Business News Weekly Roundup: May 1 2015

MBA news

NerdWallet research reveals best places in US to start a business

And in this week’s second piece of online research, personal finance website, NerdWallet, has conducted a study into the best places in the US in which to start a business. The number one place? Boulder Colorado, naturally, followed by Wilmington, North Carolina and Greater Bridgeport, Connecticut. Smaller markets, it seems, fare well, with the Midwest standing out as the place to be, with lower costs and lower competition giving businesses an edge. The site looked at six indicators to get the results, split into those which look into the success of businesses (average revenue of businesses, businesses per 100 people and the percentage of businesses with paid employees – they point out that 23 million of 28 million US businesses are non-employer businesses) and the area’s overall economic strength (median income, median housing cost and the level of unemployment).
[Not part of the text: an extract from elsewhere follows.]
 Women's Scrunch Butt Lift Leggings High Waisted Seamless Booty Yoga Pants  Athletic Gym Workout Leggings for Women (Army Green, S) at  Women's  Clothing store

A total of 183 areas with populations of over 250,000 and 15,000 businesses were considered. 

Fixr.com map shows what people want to know the cost of and where

Cost-estimating website Fixr.com has released a world map looking at which items people want to know the prices of, by country. Okay, let’s clarify here – this is hardly an in-depth exercise in analytics. The map has been drawn up by using an autocomplete formula, looking for the most common instances of ‘how much does X cost in X’, which naturally is subject to a number of variables, not least of which is the rest of the world’s perceptions of said country. But it still makes for interesting, often entertaining and occasionally troubling reading. Some examples are ‘how much does a kidney cost in Iran?’, ‘how much does a prostitute cost in Brazil?’, ‘how much does a slave cost in Mauritania?’ and ‘how much does it cost to fly a MiG?’ in Russia. 
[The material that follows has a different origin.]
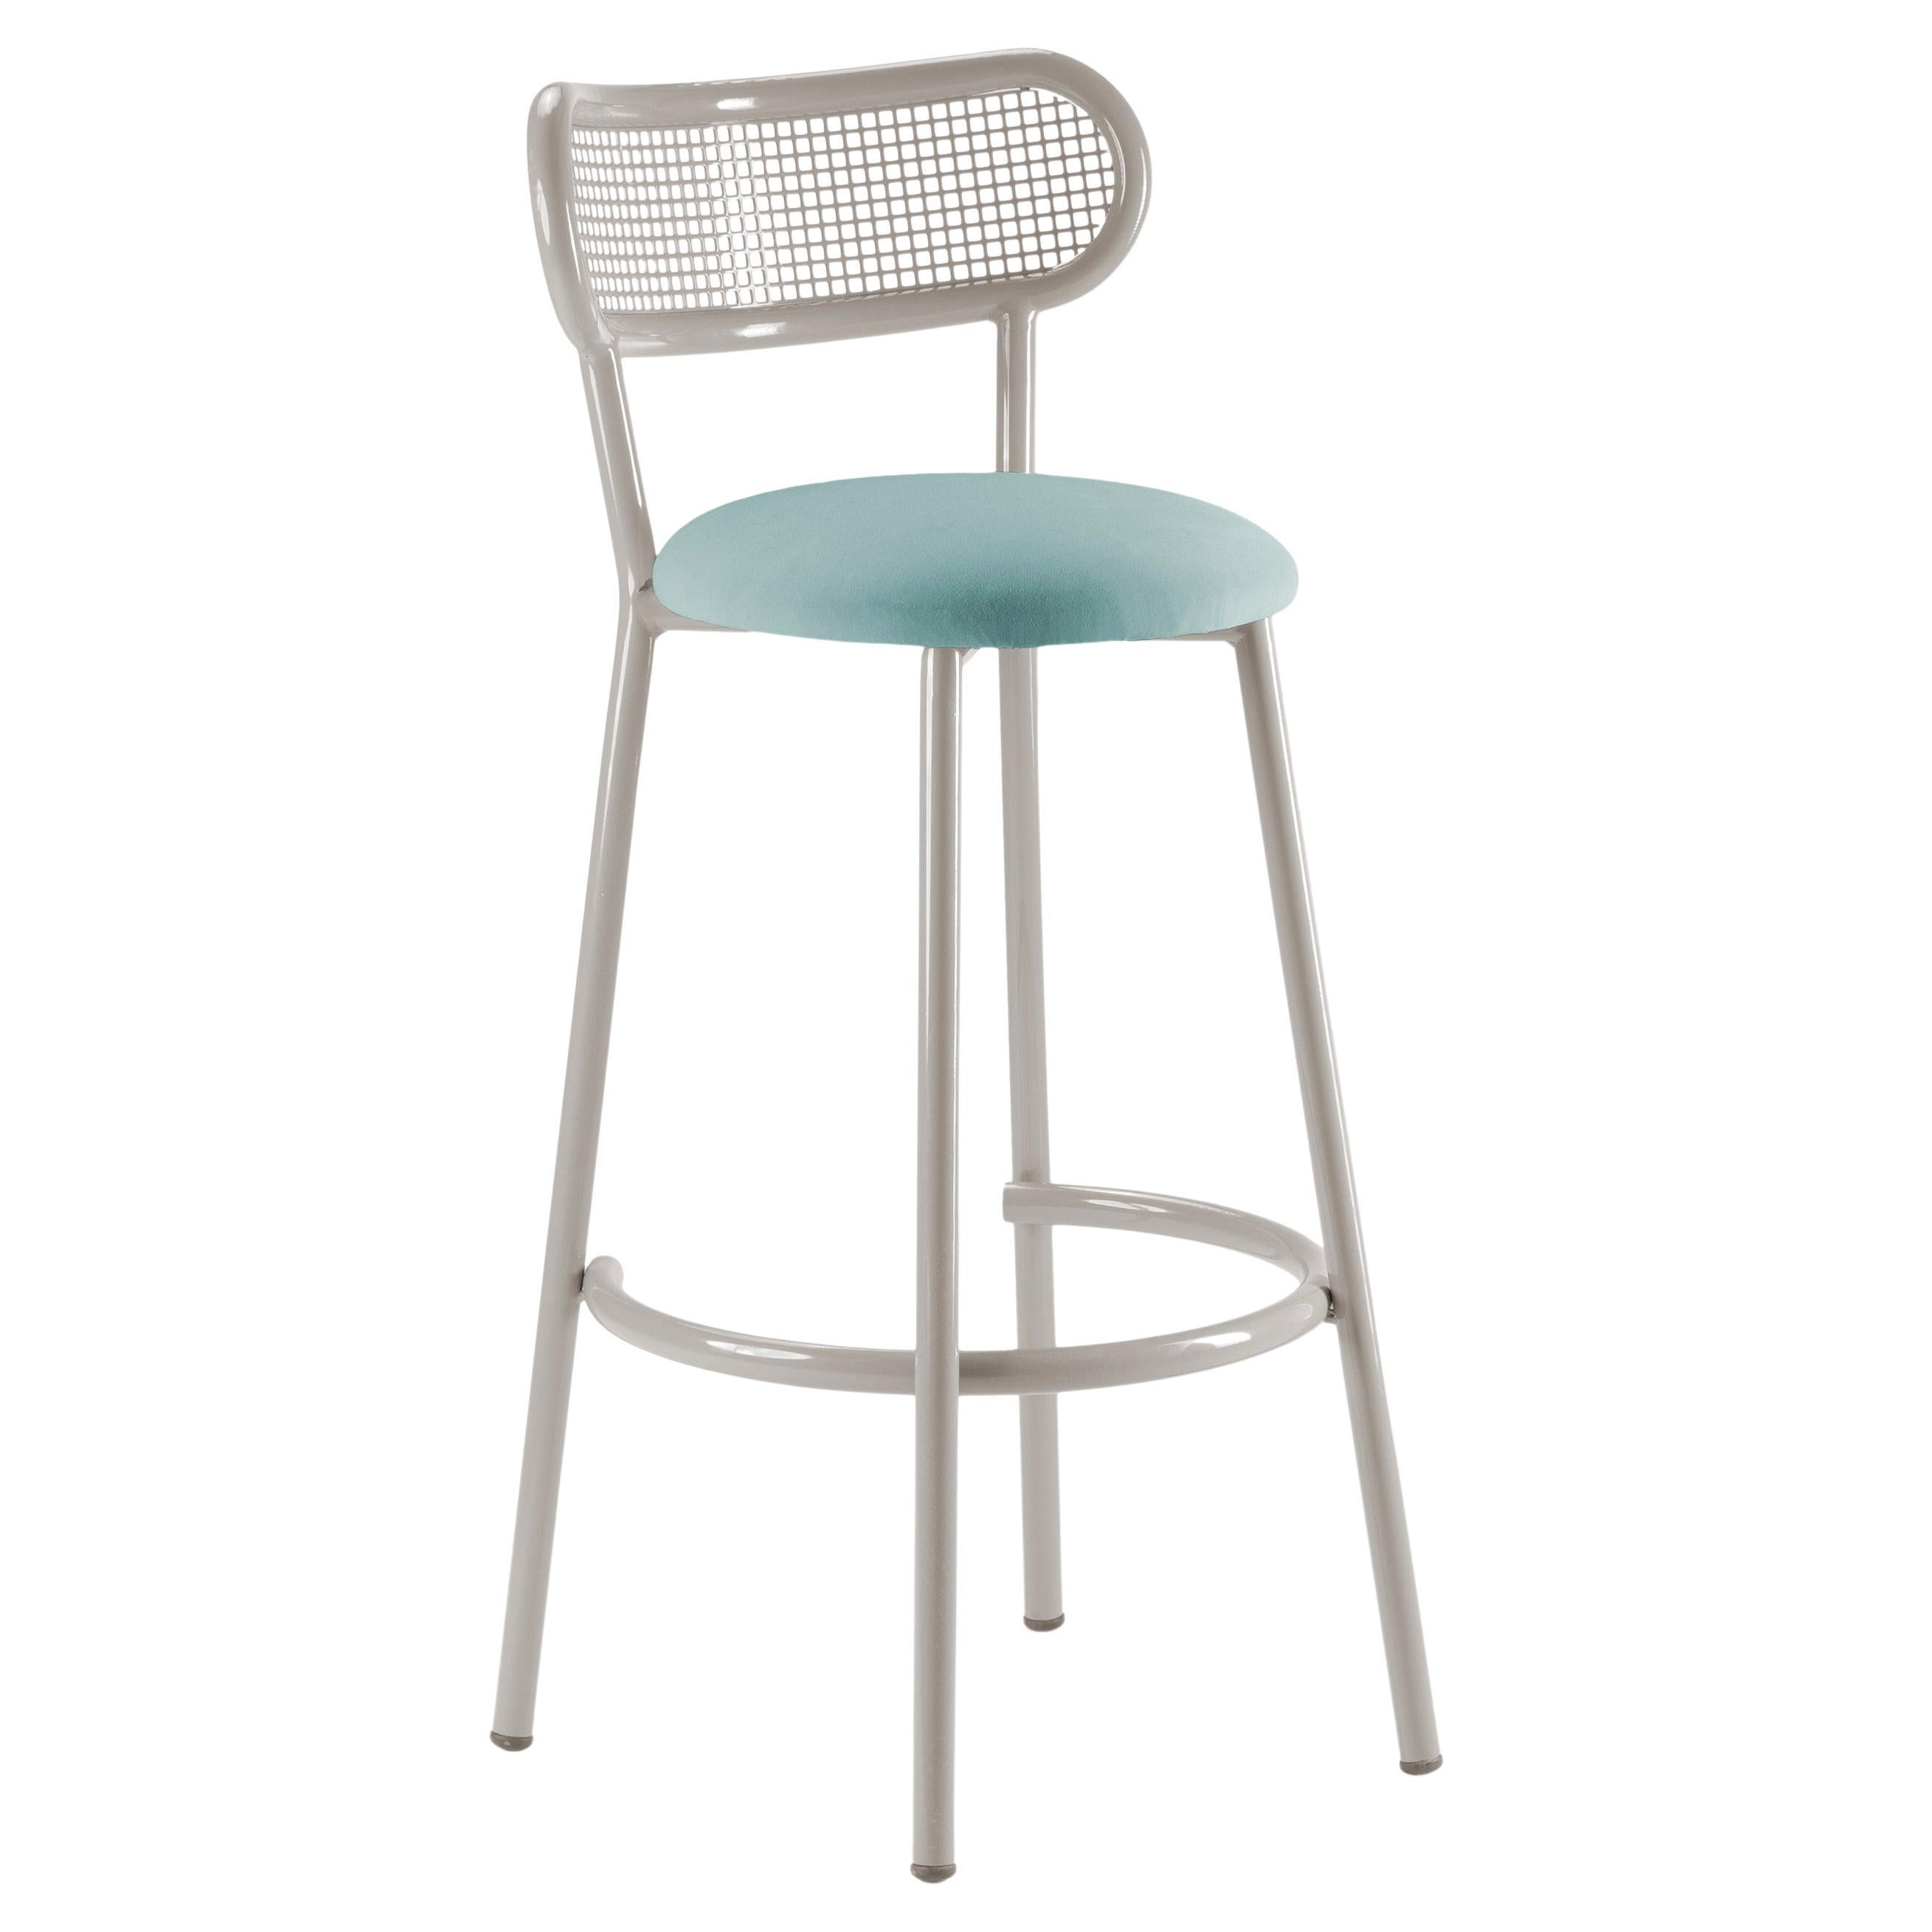 Louise Bar Chair with Taupe Structure, Perforated Steel Back and Upholstery For Sale

BNP Paribas ordered to pay US$9 billion settlement

France’s largest bank, BNP Paribas, has been ordered to pay a record fine for violating US sanctions in Sudan, Iran and Cuba between 2004 and 2012, reports Businessweek. The bank pleaded guilty to processing billions of dollars of transactions across the three nations in the time period in question.  BNP Paribas will also serve five years of probation as a result of the verdict, which comes in light of pleas for clemency from French President François Hollande. The news comes at a bad time for European banks, as confidence in UK banks approaches an all-time low, with a string of scandals proving an obstacle to attaining renewed confidence.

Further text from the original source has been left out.